What to do:
Apart from the pictures, print the data below exactly as given.

Data:

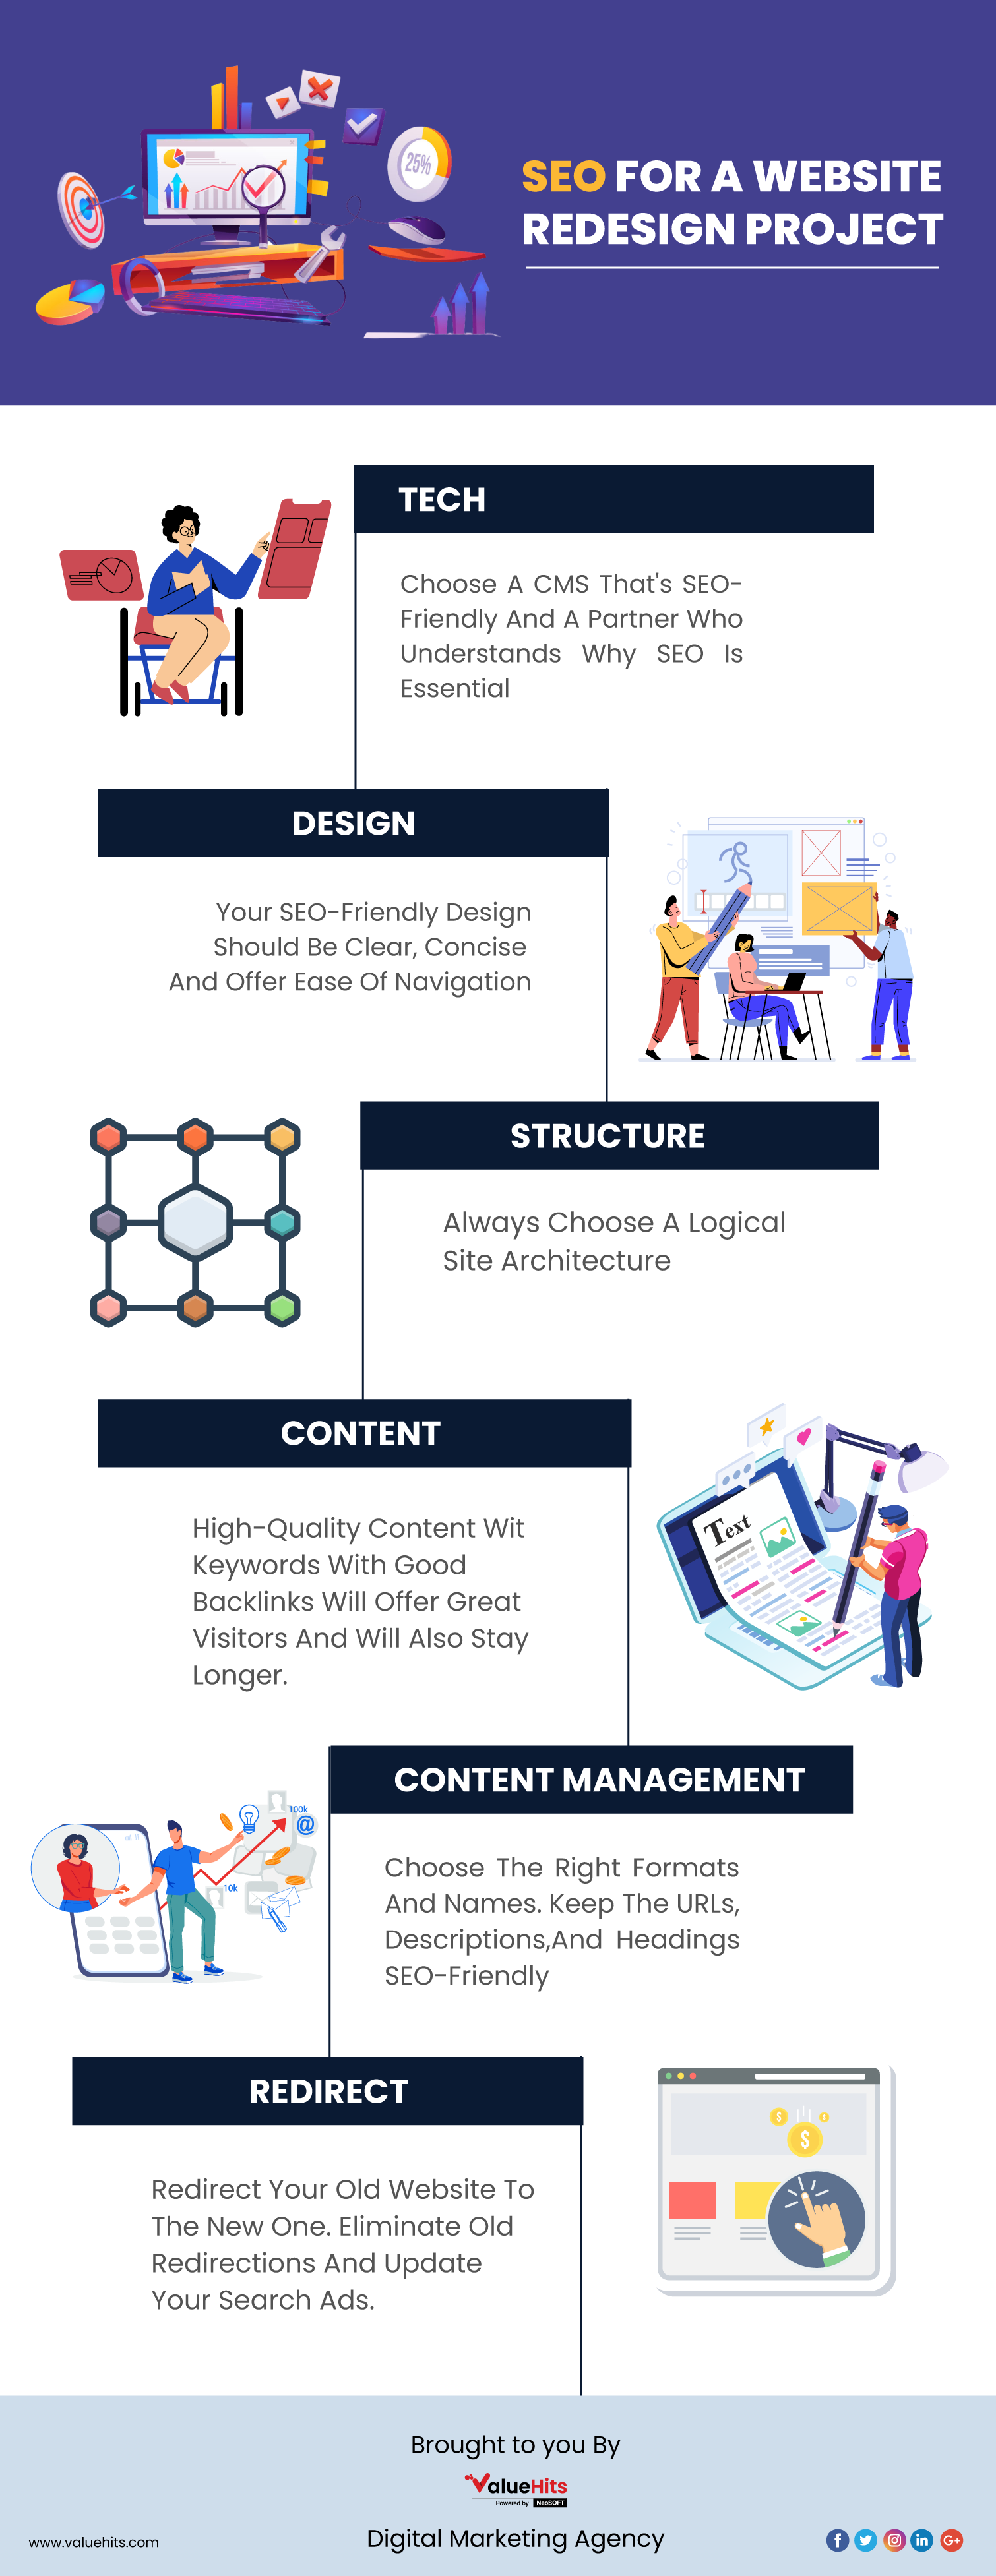 SEO Checklist for Redesigning Your Website
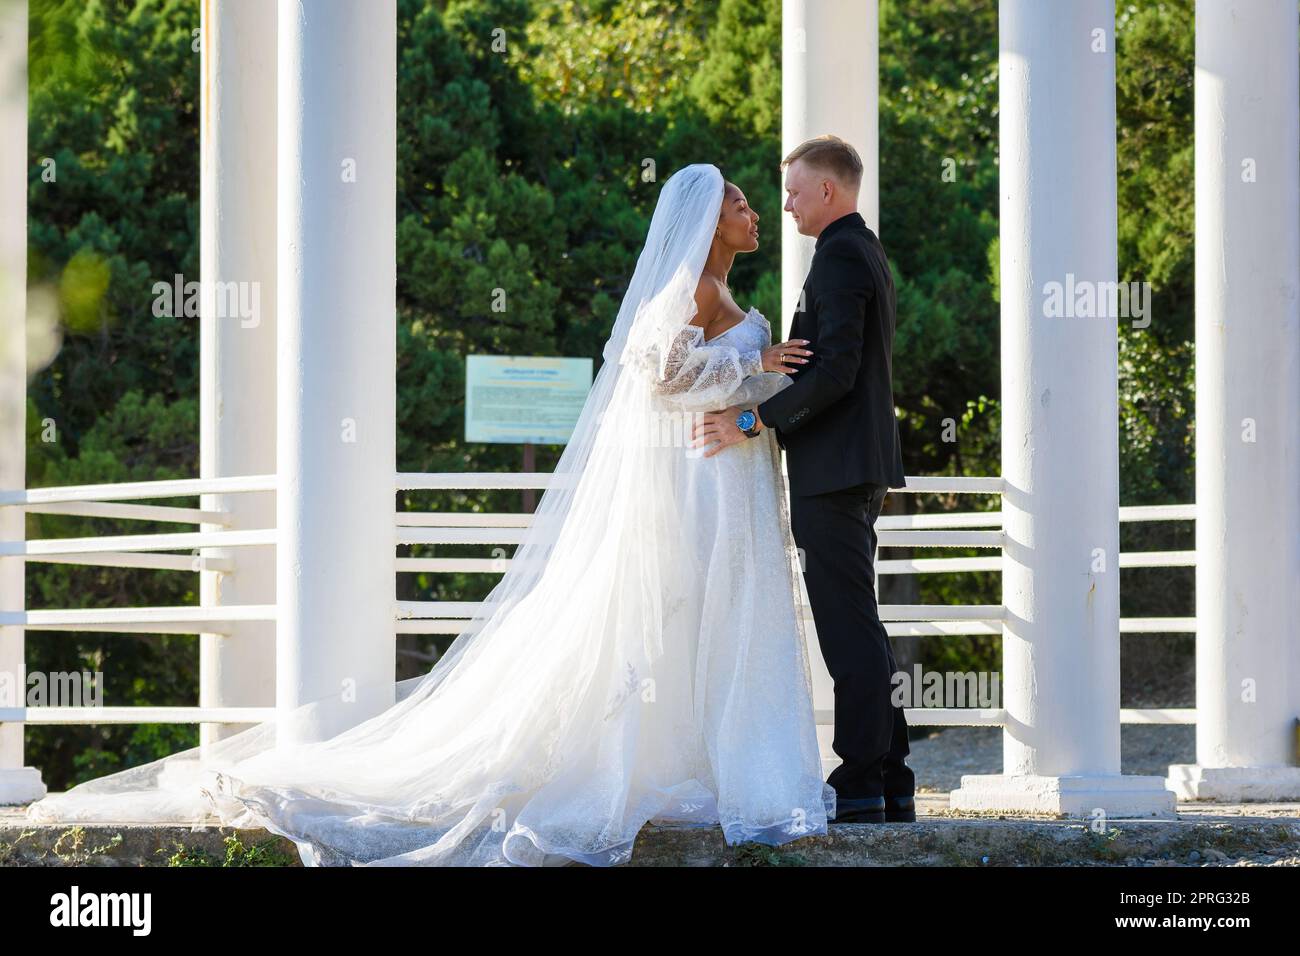 Mixed-racial newlyweds on a walk hugging against the backdrop of a beautiful gazebo Stock Photo
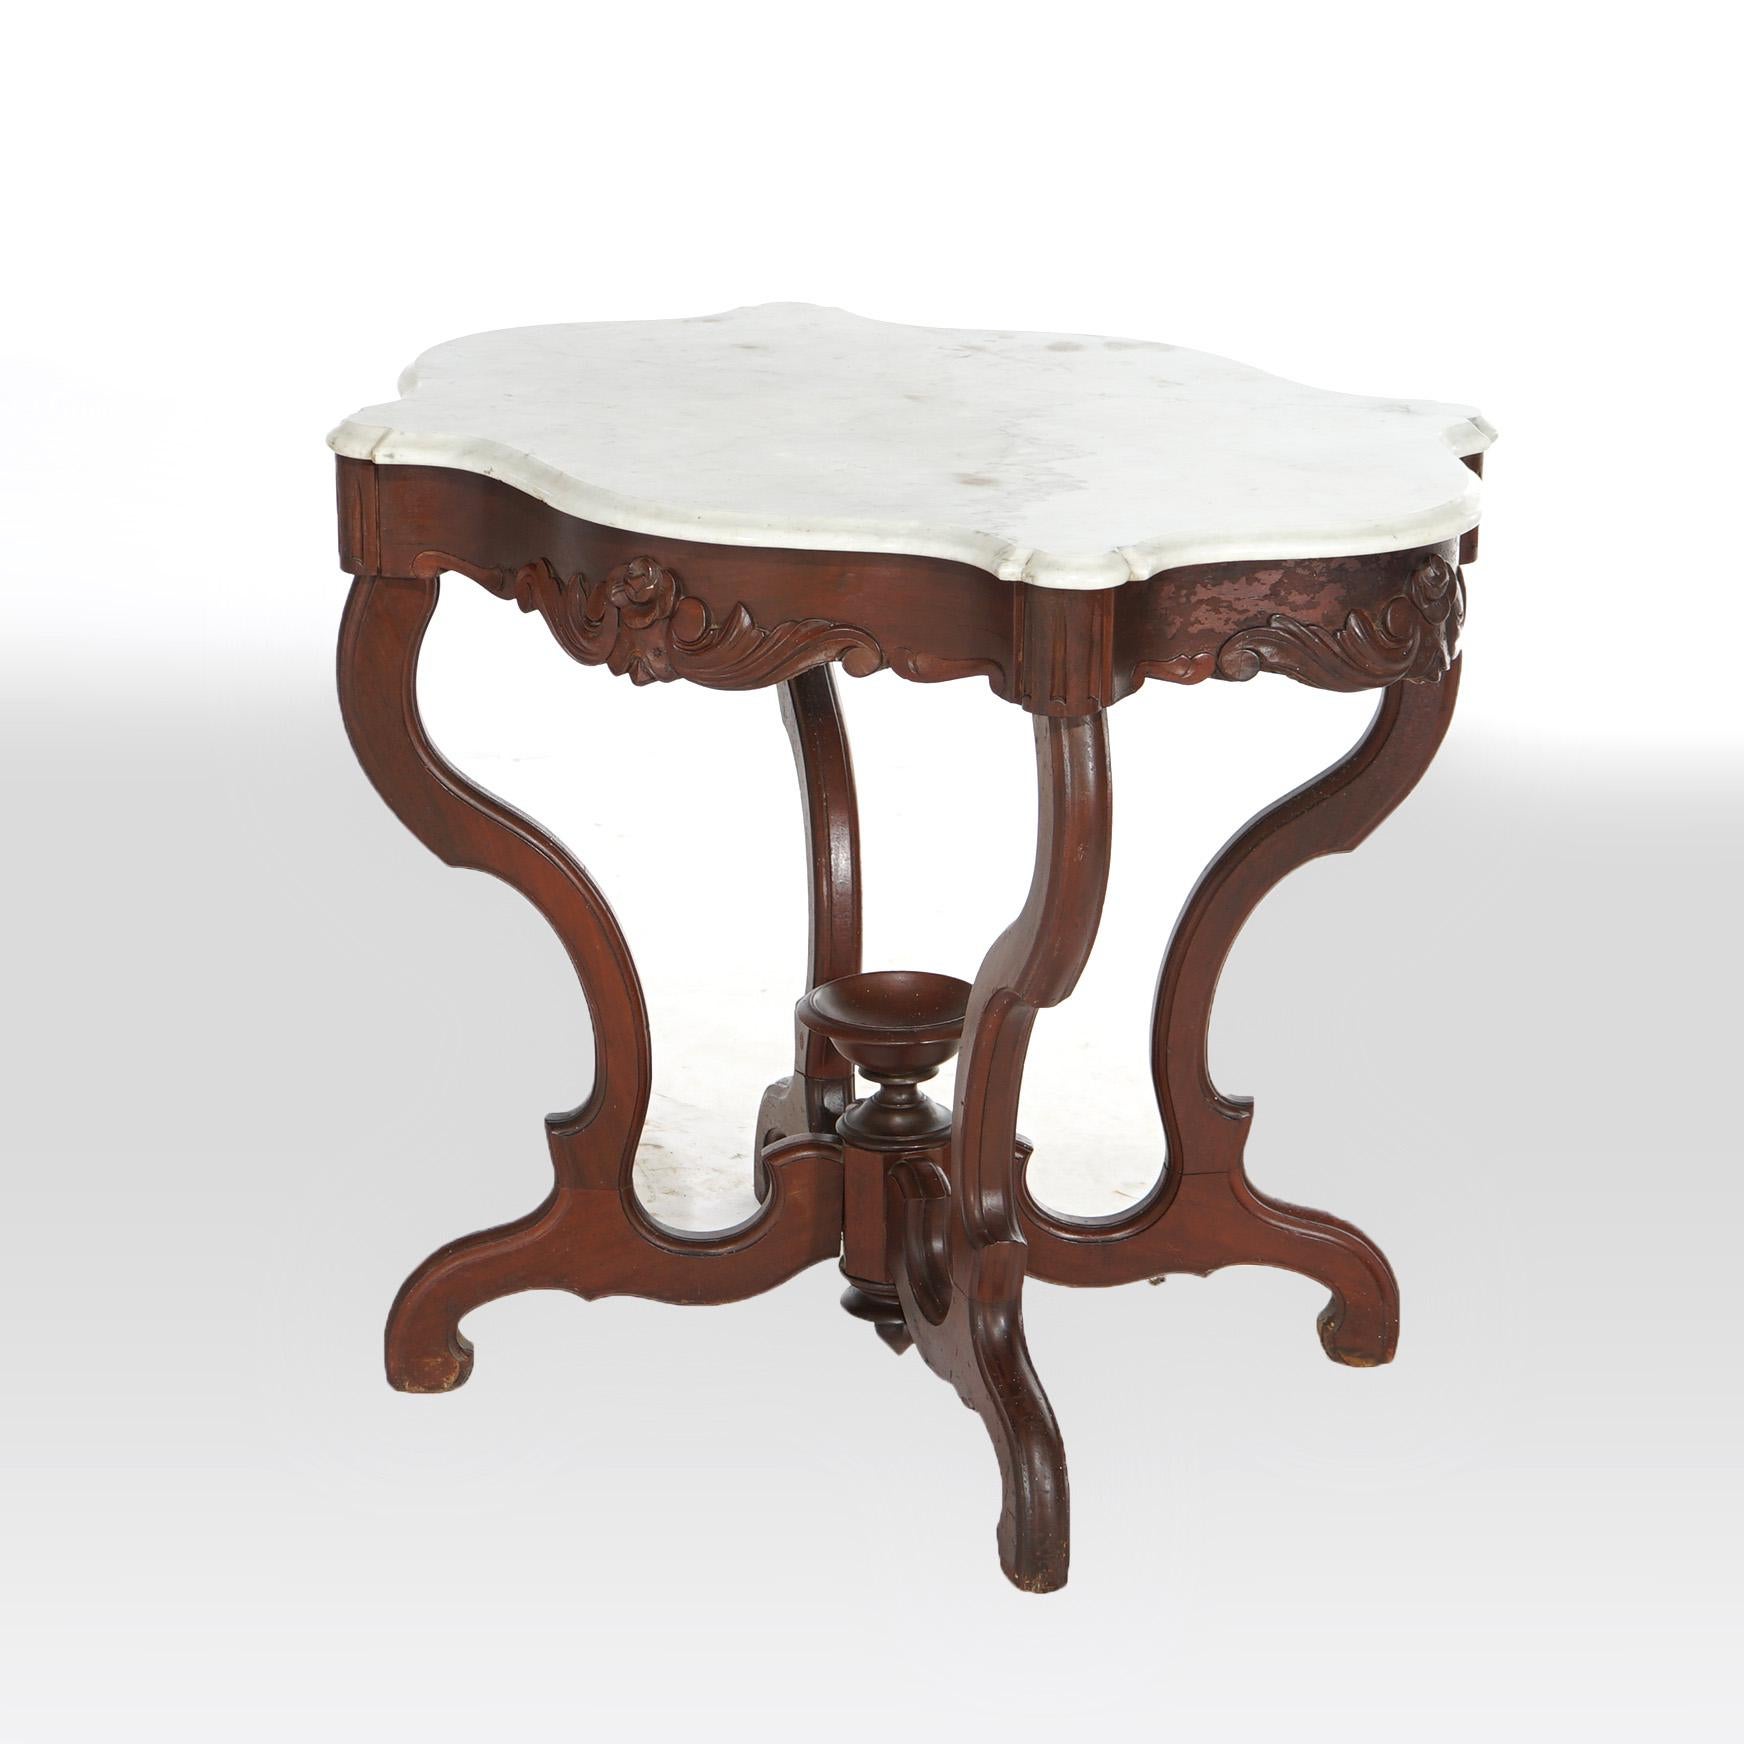 American Antique Victorian Turtle Top Marble & Carved Walnut Parlor Table Circa 1890

Answer area:
 SEO Checklist for Redesigning Your Website
 Mixed-racial newlyweds on a walk hugging against the backdrop of a beautiful gazebo Stock Photo
 American Antique Victorian Turtle Top Marble & Carved Walnut Parlor Table Circa 1890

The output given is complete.